Former Napier city councillor Peter Beckett, pictured in 1998, could be heading to Canada's highest court. Photo / Supplied
A former Napier City councillor who has stood trial twice accused of murdering his wife in Canada could have his fate decided by that county's highest court
Kiwi Peter Beckett recently successfully appealed against a first-degree murder conviction after his wife Laura Letts-Beckett drowned in a lake northeast of Vancouver.
Beckett met his elementary school teacher wife when she was touring New Zealand and then moved to Canada to be with her.
However, she then died more than 10 years ago after they had been out fishing in a small inflatable boat.
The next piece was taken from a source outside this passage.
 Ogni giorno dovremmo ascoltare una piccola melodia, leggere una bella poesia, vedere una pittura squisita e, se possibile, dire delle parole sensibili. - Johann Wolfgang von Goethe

Her death was initially reported as a drowning, Beckett claiming she accidentally fell from the boat, but he was arrested a year later and charged with her murder.
Beckett's first trial ended with a hung jury after more than a week of deliberation among the jurors.
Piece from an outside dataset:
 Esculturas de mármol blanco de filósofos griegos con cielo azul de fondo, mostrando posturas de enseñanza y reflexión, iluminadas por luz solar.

He was then convicted of first-degree murder in the second trial, but successfully overturned the conviction on appeal to the British Columbia Court of Appeal.
Now Canadian prosecutors have revealed they plan to appeal against Beckett's overturned conviction by taking the case to the Supreme Court of Canada - the highest court in the country.
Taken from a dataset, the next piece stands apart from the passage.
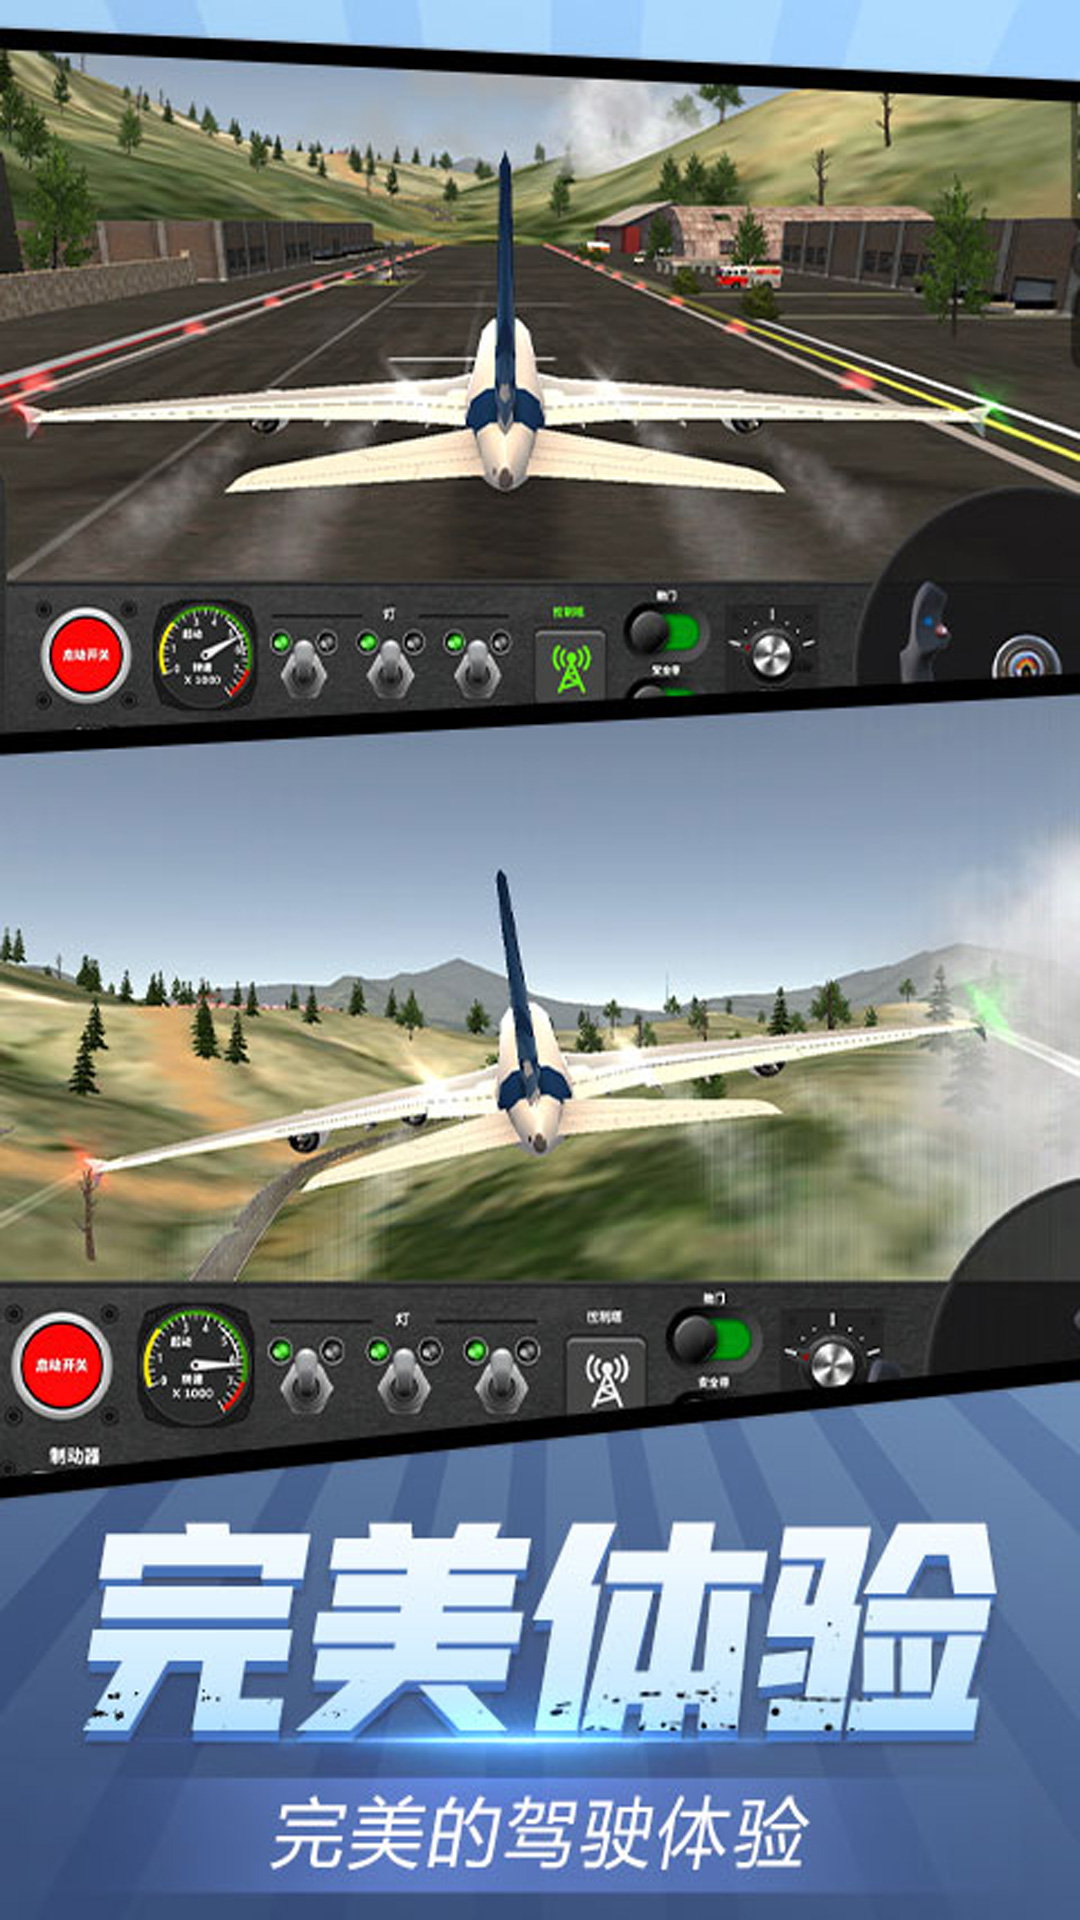 安全飞行模拟器游戏官方手机版截图2:

Beckett will file a response to prosecutors and then the court will decide if it can hear the matter or not, Canadian media outlet Kamloops This Week reported.
If the Supreme Court doesn't hear the case the matter would return to the British Columbia's supreme court and prosecutors will decide whether to pursue a third trial, KTW said.
Earlier, a three-judge BC Court of Appeal panel overturned Beckett's conviction in his second trial.
It called the Crown's case weak and suggested "in no uncertain terms that prosecutors think twice about running a third trial", KTW said.
"In these circumstances, a very real question arises as to whether it is in the interests of justice to proceed with yet a third trial," the outlet reported BC Court of Appeal Justice Laurie Ann Fenlon as writing.
"That decision, however, ultimately lies with the Crown."
Fenlon said the judge and prosecutors made mistakes during Beckett's second trial.
That included incorrectly instructing the jury they could rely on evidence that Beckett had fabricated his story to police as evidence of his "after-the-fact consciousness of guilt", without independent evidence Beckett's story had been fabricated.
During the 2017 trial the former Napier man was accused of pushing his wife into the water and leaving her to drown to cash in on a $200,000 accidental death insurance policy the couple had bought just two months prior to the water tragedy.
He was found guilty of first degree murder for drowning his wife after an earlier trial ended in a hung jury. He was sentenced to 25 years' imprisonment without possibility of parole.